China Building Bridge Across Pangong Lake In Ladakh For Quick Military Build-Up

China is building a bridge across the narrowest point of the Pangong Lake to link its North Bank to the South Bank, satellite imagery has revealed. This will enable quicker troop mobilization to counter India. 

The bridge is being built over the part of the Lake in Eastern Ladakh which has been in Chinese occupation since the 1950s. While one-third of the Western part of the 134-km-long Pangong Tso is in Indian control, two-thirds of the Lake is under Chinese occupation. At its broadest point, the Lake is 5 km wide. 

According to reports, the bridge is being built speedily with pre-fabricated sections near the PLA’s Khurnak base on the North Bank. 

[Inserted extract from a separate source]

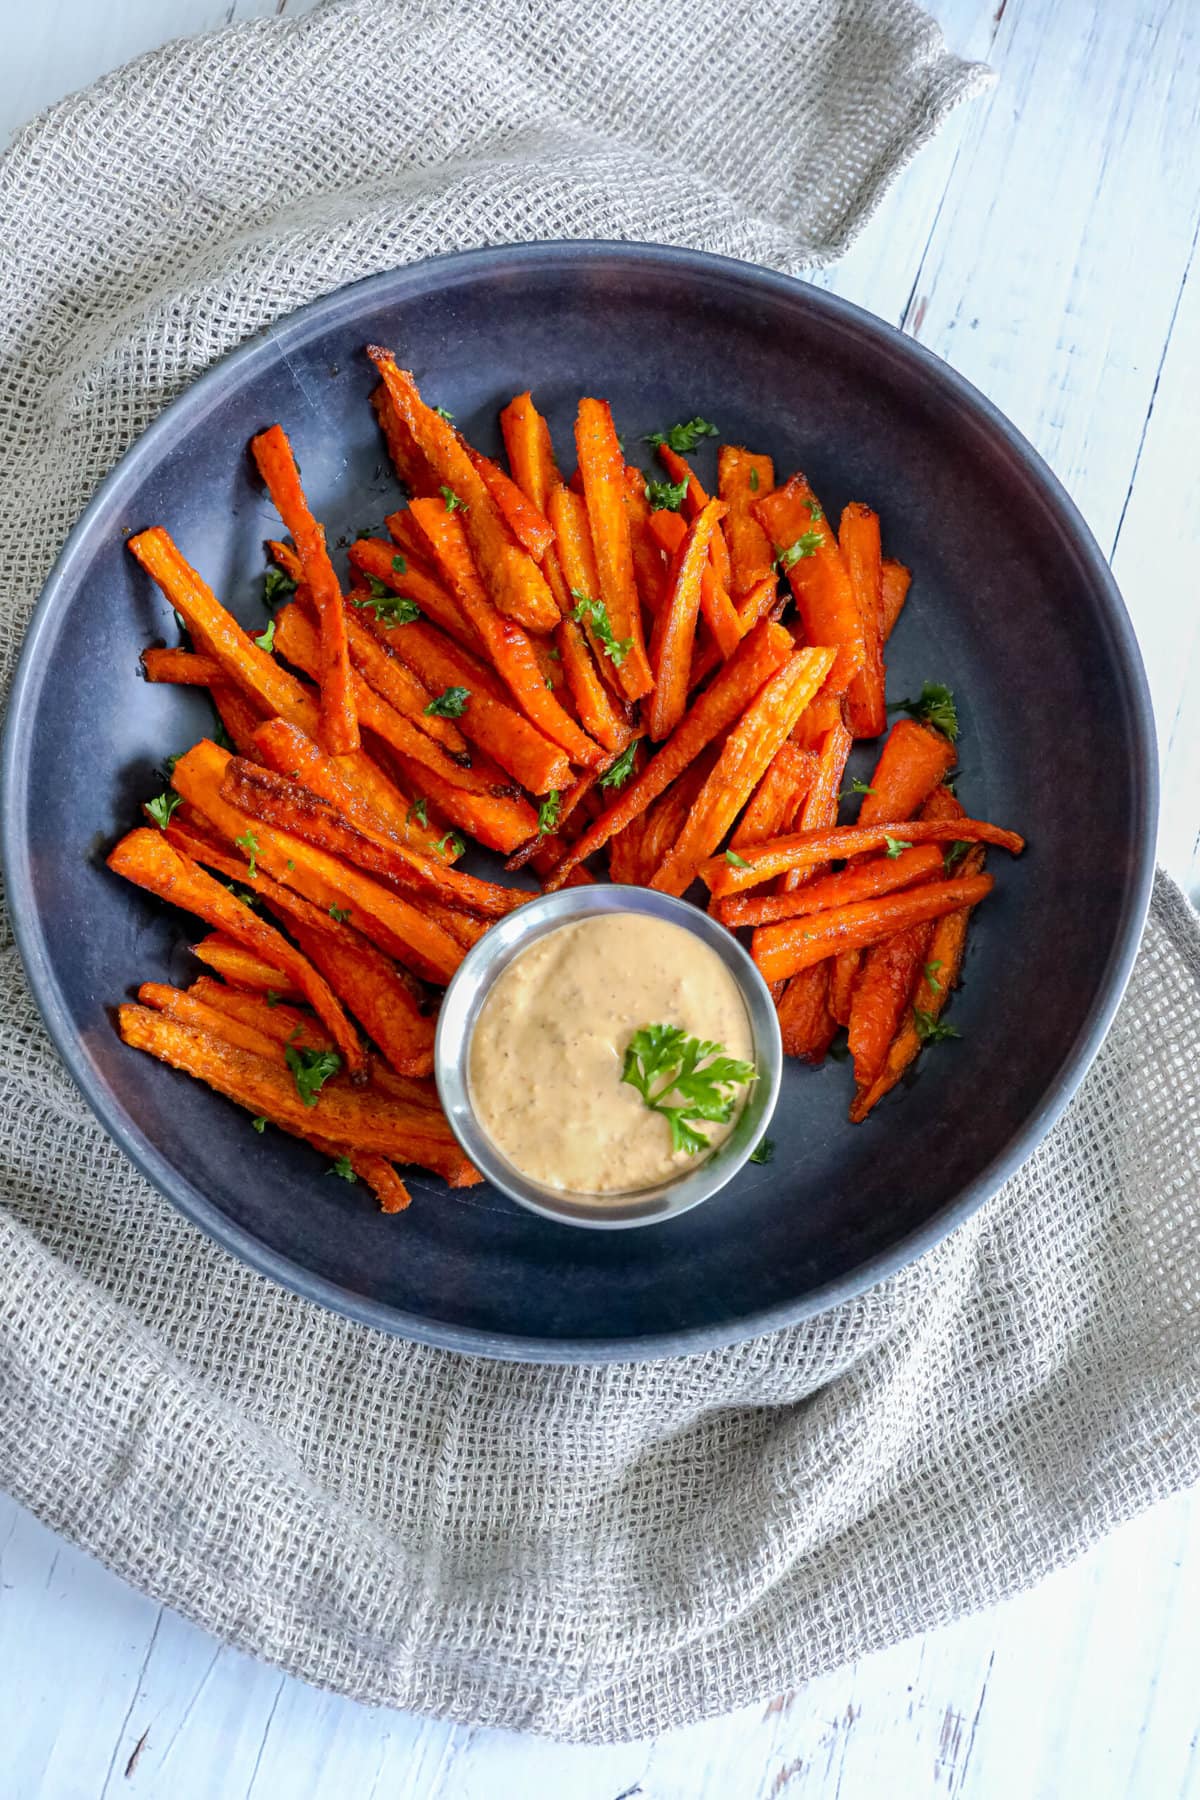 picture of carrot fries with parsley chopped on top on a black plate with a cup of sauce on the side

A report in The Print has quoted unnamed sources to state that the bridge will reduce the distance from Khurnak to Redok to just about 50 km. Redok is the PLA base which controls troop movements south of the Lake. So far, it requires a circuitous movement along the Eastern stretch of the Lake, a distance of about 180 km to reach Rudok.

Military observers infer this move as a step to reduce response time for troop mobilization to counter any Indian initiative such as the one in August 2020, when the Indian Army sprung a surprise on China by occupying the dominating ridgelines on the Kailash range south of Southern Bank of Pangong Lake. The Kailash ridgelines overlook Chinese troop deployment on the banks of the Spanggur Lake and Indian occupation of the heights threatened the Chinese.  

The Indian move on the Kailash heights was a reaction to the face-off along the Northern Bank of the Lake after the Chinese PLA moved its troops up to a geographical point called Finger 4 in May 2020. Indian troops are deployed till Finger 4, and have traditionally patrolled further East till Finger 8. 

The Indian position is that the Line of Actual Control (LAC) runs beyond Finger 8 just short of the PLA’s base at Sirijap, which it captured in the 1962 War. China claims that the LAC runs West through Finger 2 on the Indian side. PLA troops have traditionally patrolled till Finger Point 4. 

The new bridge will enable quick mobilization by PLA to exercise greater military presence on the South Bank of Pangong Tso and beyond. This is the latest in a competitive build-up of infrastructure on both sides of the LAC. 

China negotiated for Indian withdrawal from the Kailash range to pull back from Finger 4 to Finger 8 to end the face-off on the Northern Bank of Pangong Tso. But it since built a new road to link the Moldo garrison on the frontlines at the Spanggur Lake to the Rudok base in the rear to avoid exposure to Indian troop positions. The old road running along the banks of the Spanggur Lake was considered vulnerable to Indian positions.